Please provide any additional information below.

Sample gzip deflated data causing the problem.

[0x73, 0x74, 0x72, 0x76, 0x71, 0x75, 0x73, 0xF7, 0xE0, 0xE5, 0x02, 0x00,
  0x94, 0xA6, 0xD7, 0xD0,  0x0A, 0x00, 0x00, 0x00]

The first 12 bytes are the deflated data.  The next 4 bytes are the CRC.  The 
last 4 bytes are the original length.  tinfl_decompress() should stop after 12 
bytes.

The original data is "ABCDEFGH\r\n"

--------

I found the problem where it's too late to call TINFL_HUFF_BITBUF_FILL().  It 
is only called when only 1 byte are left in the input buffer, which is never 
triggered for the above case where there are 8 extra bytes.

I have changed the number of bytes to check from ((pIn_buf_end - pIn_buf_cur) < 
2) to ((pIn_buf_end - pIn_buf_cur) < 16) and that works.  See attached file for 
the diffs.

It's not an airtight fix since it only helps the cases with input buffer upto 
15 extra bytes.  It makes miniz work on gzip files.

The best fix would be to consume the extra byte as needed but fix up the 
pointer by counting how many bits left in bit_buf.  Since the data are in a 
buffer, it's easy to move the pointer back as needed.

Original issue reported on code.google.com by williamw...@gmail.com on 18 Oct 2013 at 10:01

Attachments:

miniz_fix.txt

GoogleCodeExporter commented 9 years ago

Very good find, thanks a lot! This is a very high priority issue - let me see 
what I can do. I've been working off/on miniz over the past week so I'm going 
to dive in later today. I've looked at the code and I see a solid solution that 
involves refactoring this macro, but I need to profile it first. The solution 
to fix the readahead problem is already there in the 
TINFL_HUFF_BITBUF_FILL/TINFL_HUFF_DECODE macros, but I need to rethink how it's 
optimized. Worst case, I need to eliminate the 2 byte readahead optimization 
and just always punt to TINF_HUFF_BITBUF_FILL. Or, always read X bytes from the 
input buf when possible, do the Huff decode, then actually update the 
pointer/bits left/etc. Any issues in the core Deflate/Inflate code itself make 
me drop everything. Crap.

The existing code should work OK for regular zlib-style (followed by byte 
aligned adler32) or raw deflate streams if the user doesn't follow the stream 
with any extra data they care about (gzip obviously does) and need to read 
immediately following the compressed data (and they don't have any hints about 
the compressed data's exact size). I tried to solve this problem but overlooked 
this case. I'll also add it to my testing.

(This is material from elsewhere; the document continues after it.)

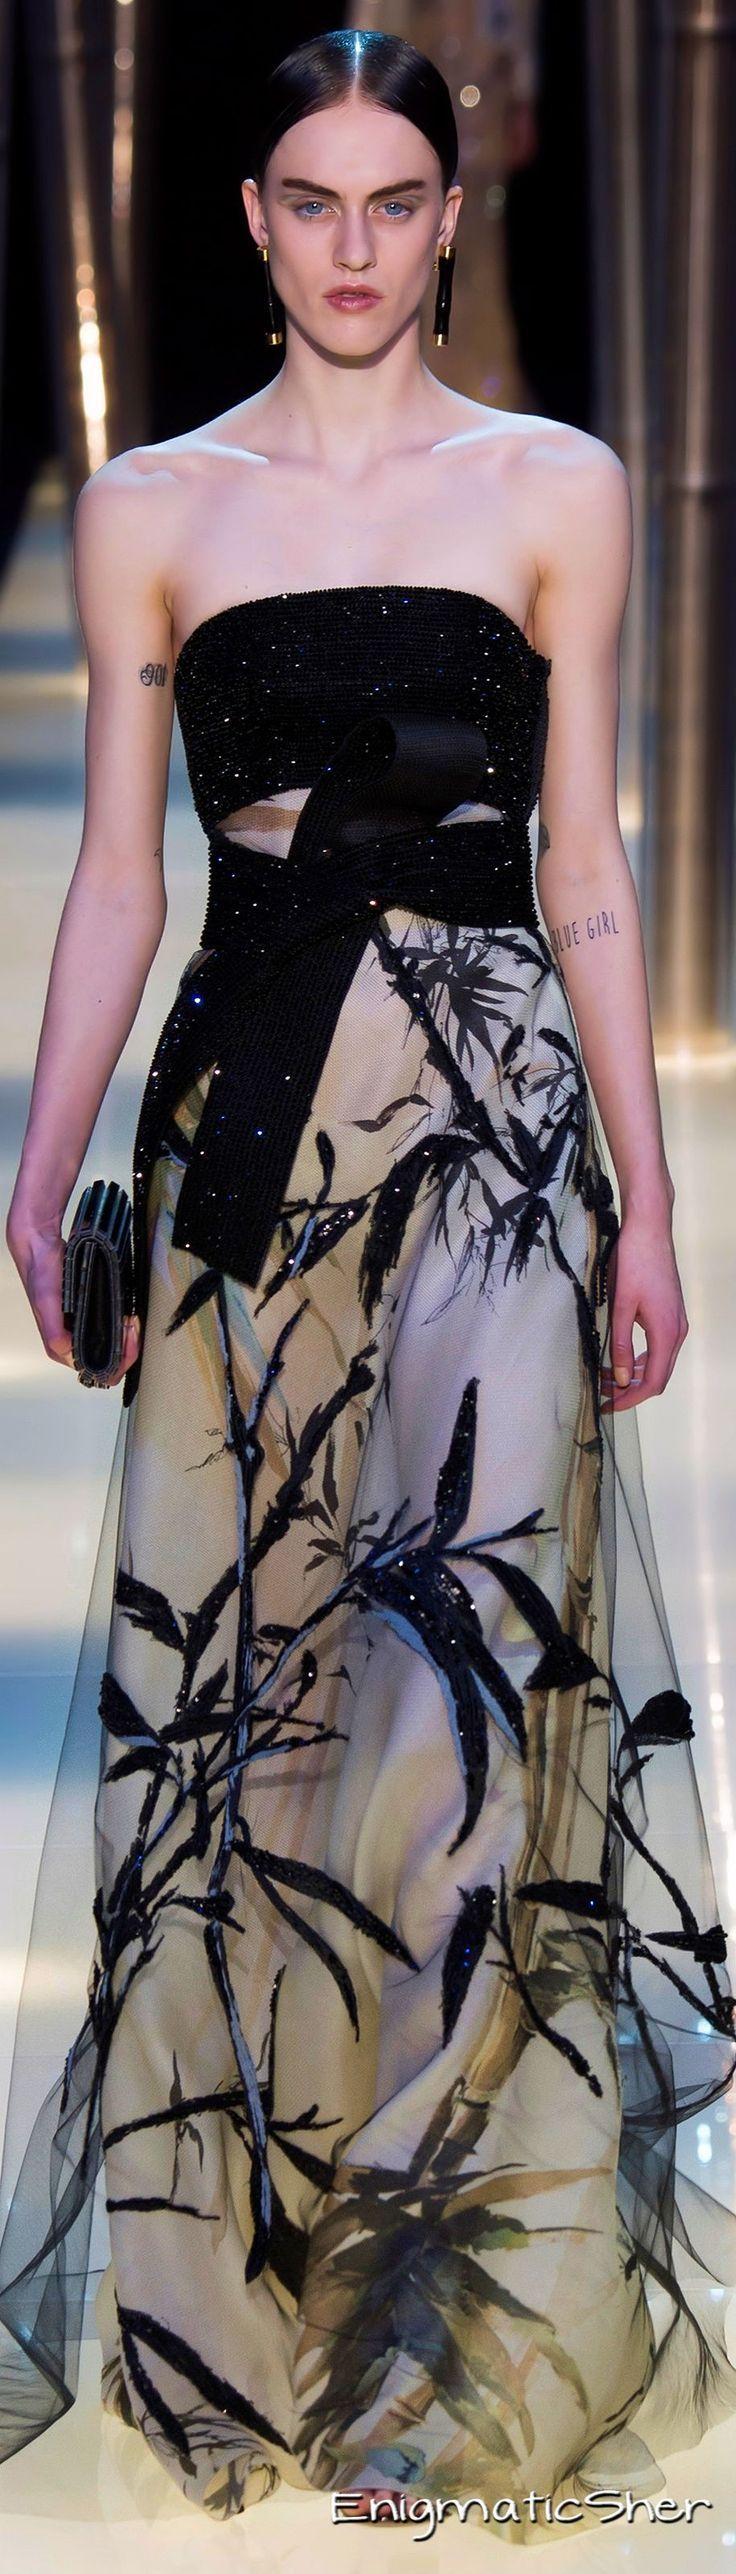 Georgio Armani Prive ~ Haute Couture Summer Sleeveless Black + White Gown 2015

Original comment by richge...@gmail.com on 18 Oct 2013 at 1:50

Changed state: Accepted

GoogleCodeExporter commented 9 years ago

Another solution is to have the inflator put back the extra prefetched/unneeded 
byte (decrementing the pIn_buf_cur ptr) after it finishes decoding (but before 
the adler32 check). I'm always hesitant about "put back" style solutions 
because I need to ensure it's always possible to put the byte back (without 
doing a coroutine return). Also, telling the caller the inflator read 1 byte 
too much seems so unelegant.

Original comment by richge...@gmail.com on 18 Oct 2013 at 2:09

GoogleCodeExporter commented 9 years ago

Thanks for looking into it!  Good to know the solutions are readily available.

I hate to see 2-byte (4-byte at 64-bit) fast read optimization you put in goes 
away, especially for the 4-byte batch read, but if profiling tells a different 
story, it's up to you.

Since Miniz API always deals with buffer rather than reading from stream 
directly, it's easy to move the read pointer back and forth to unread the 
readahead bytes.  I think num_bits already tracks how many bits not used in the 
bit_buf.  At the end of decoding, it can be checked to see whether it has 8 
bits (16 bits or 32 bits for 64-bit case) and move the read pointer back by the 
corresponding number of bytes.

Thanks again for Miniz.  It's a great project.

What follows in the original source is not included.